▶ _Prompt_
Exclude the images, then return every line below exactly as written.

▶ _Data block_
[Start of section]
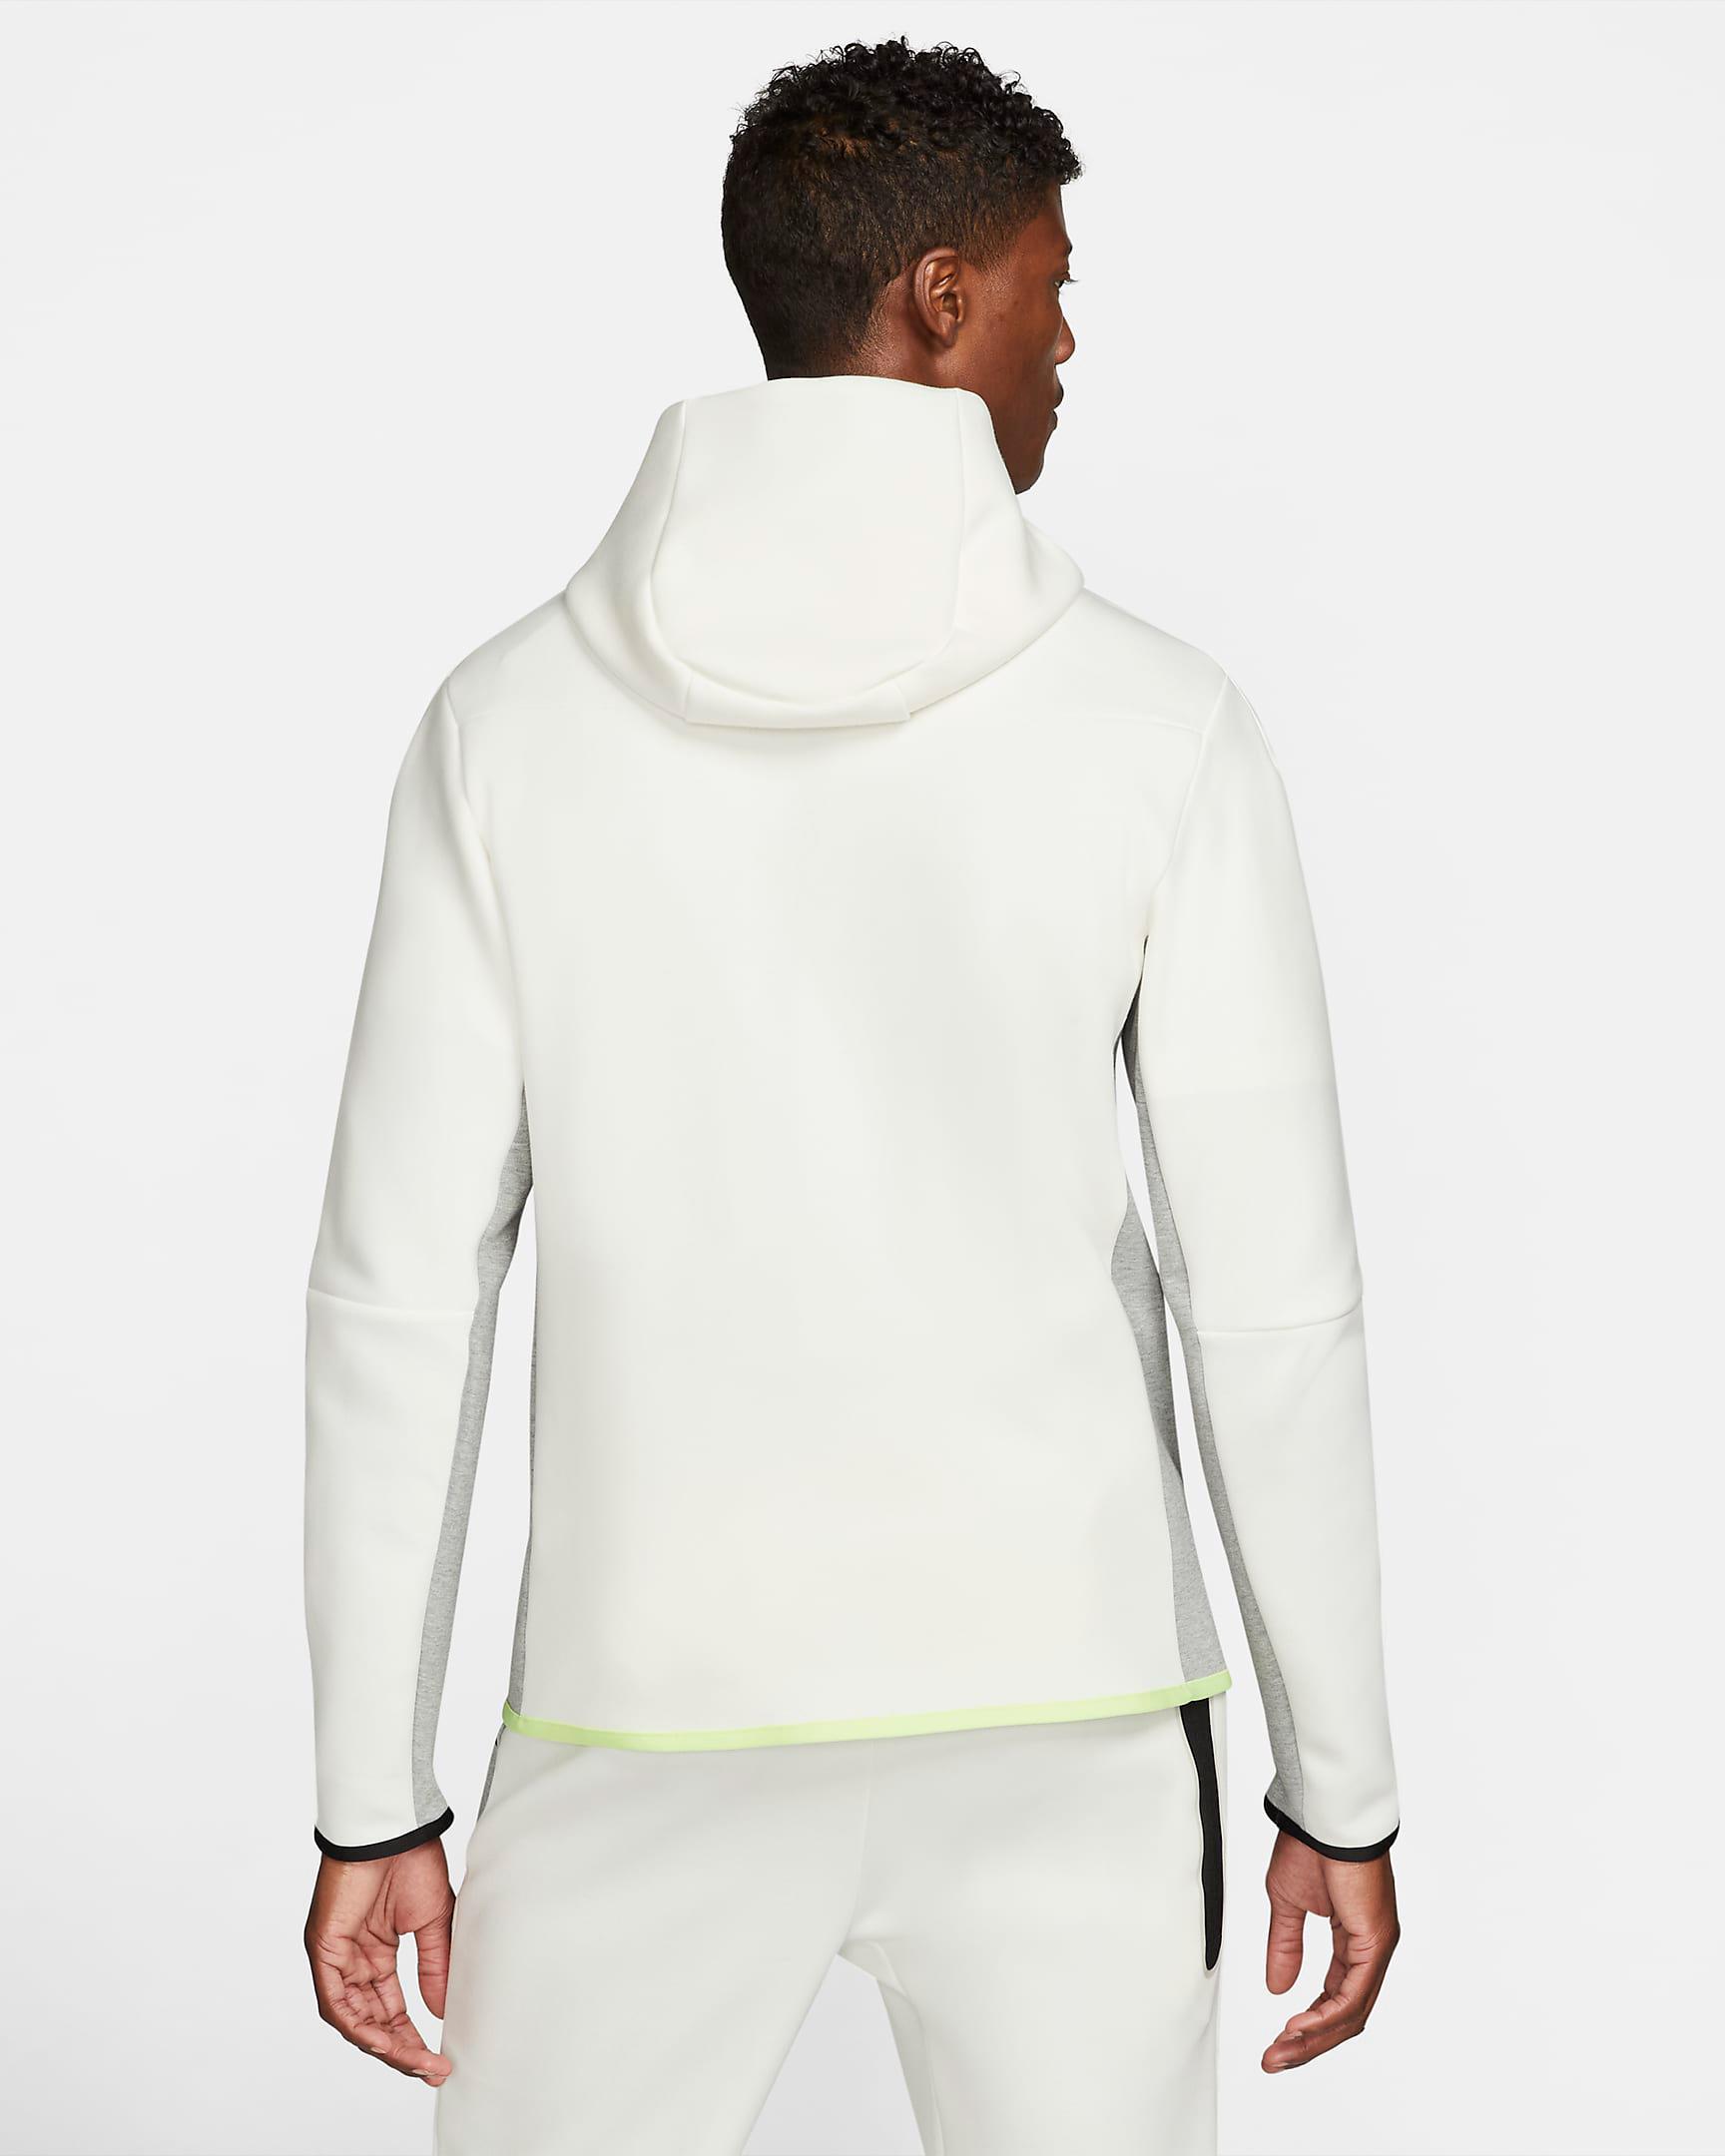 nike-tech-fleece-hoodie-sail-dark-grey-light-lemon-twist-2
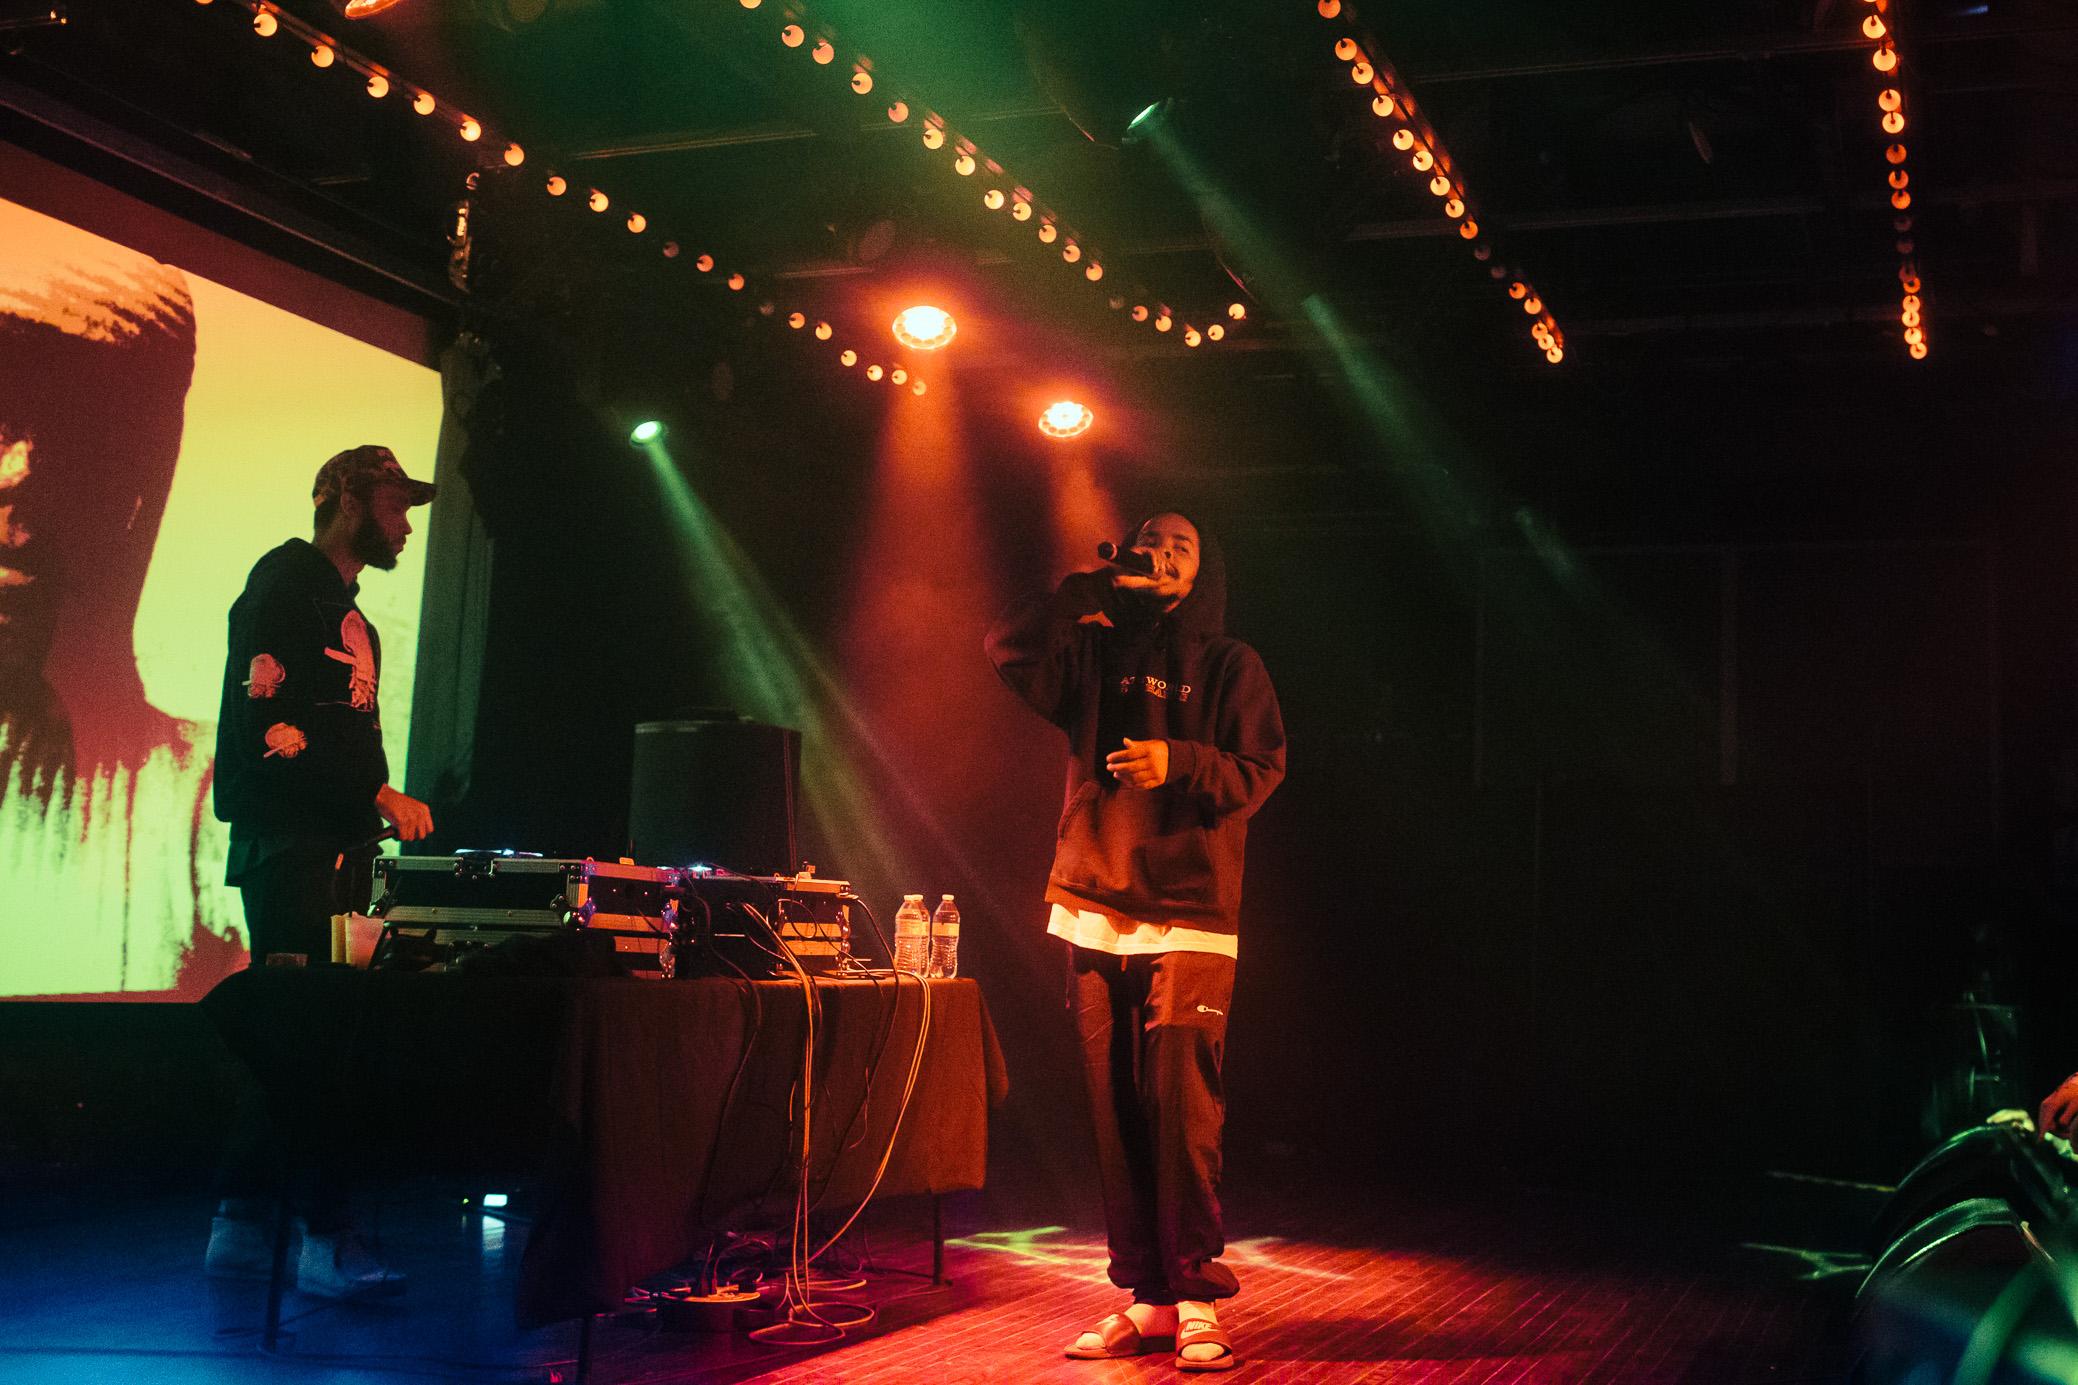 Earl Sweatshirt performs in concert at Saturn Birmingham in Birmingham, Alabama on May 5th, 2019. (Photo by David A. Smith / DSmithScenes)
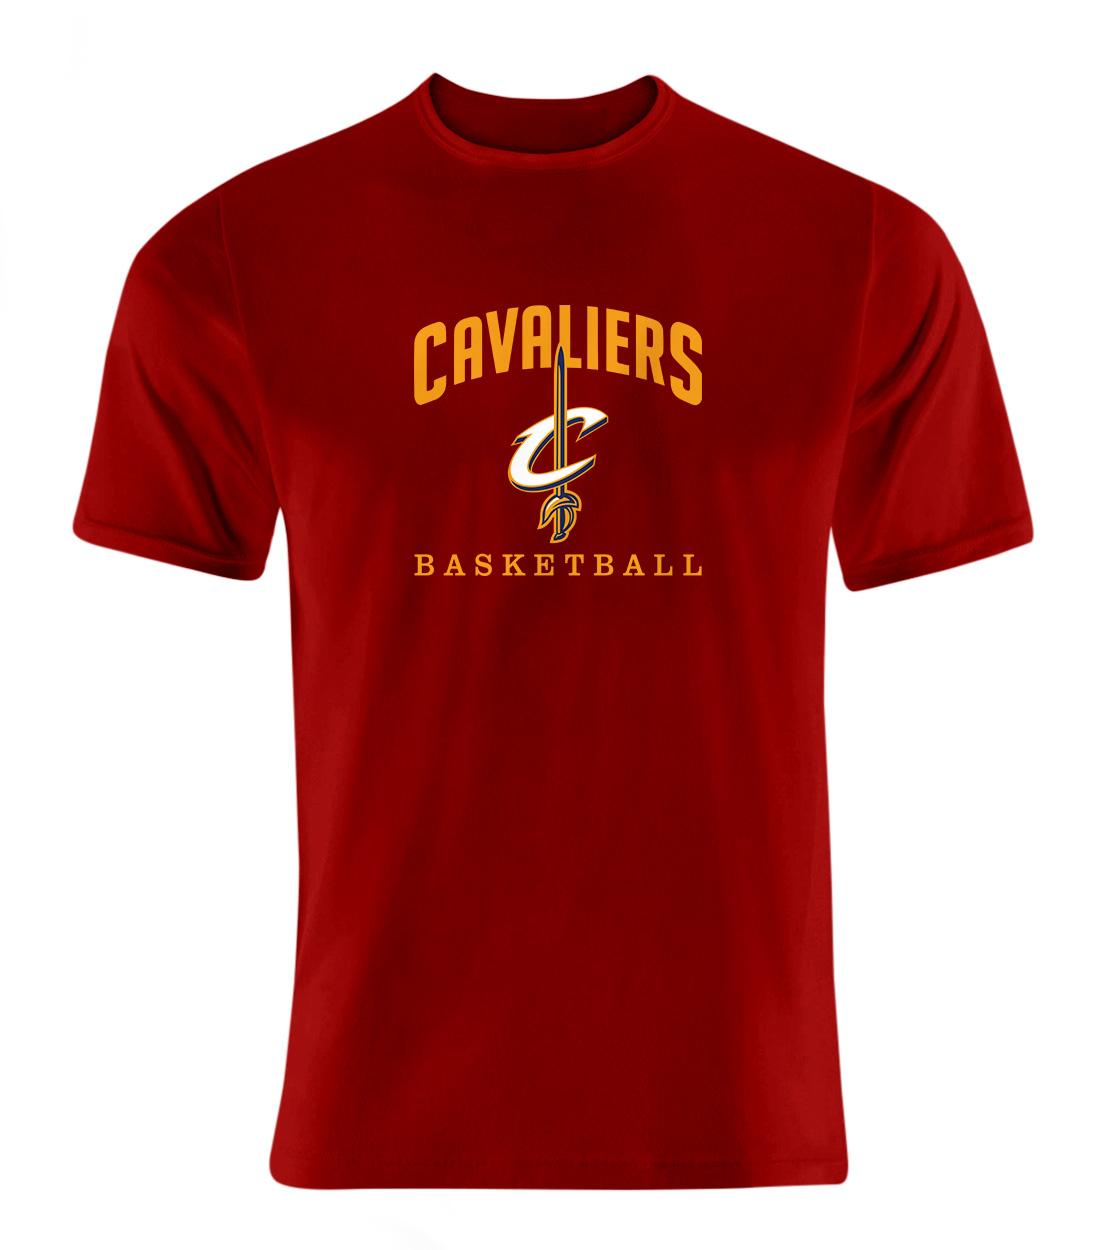 Cleveland Cavaliers Tshirt (TSH-RED-NP-61-NBA-CLE-CAVS.ARCH)
[End of section]
▶ _The answer_
 nike-tech-fleece-hoodie-sail-dark-grey-light-lemon-twist-2
 Earl Sweatshirt performs in concert at Saturn Birmingham in Birmingham, Alabama on May 5th, 2019. (Photo by David A. Smith / DSmithScenes)
 Cleveland Cavaliers Tshirt (TSH-RED-NP-61-NBA-CLE-CAVS.ARCH)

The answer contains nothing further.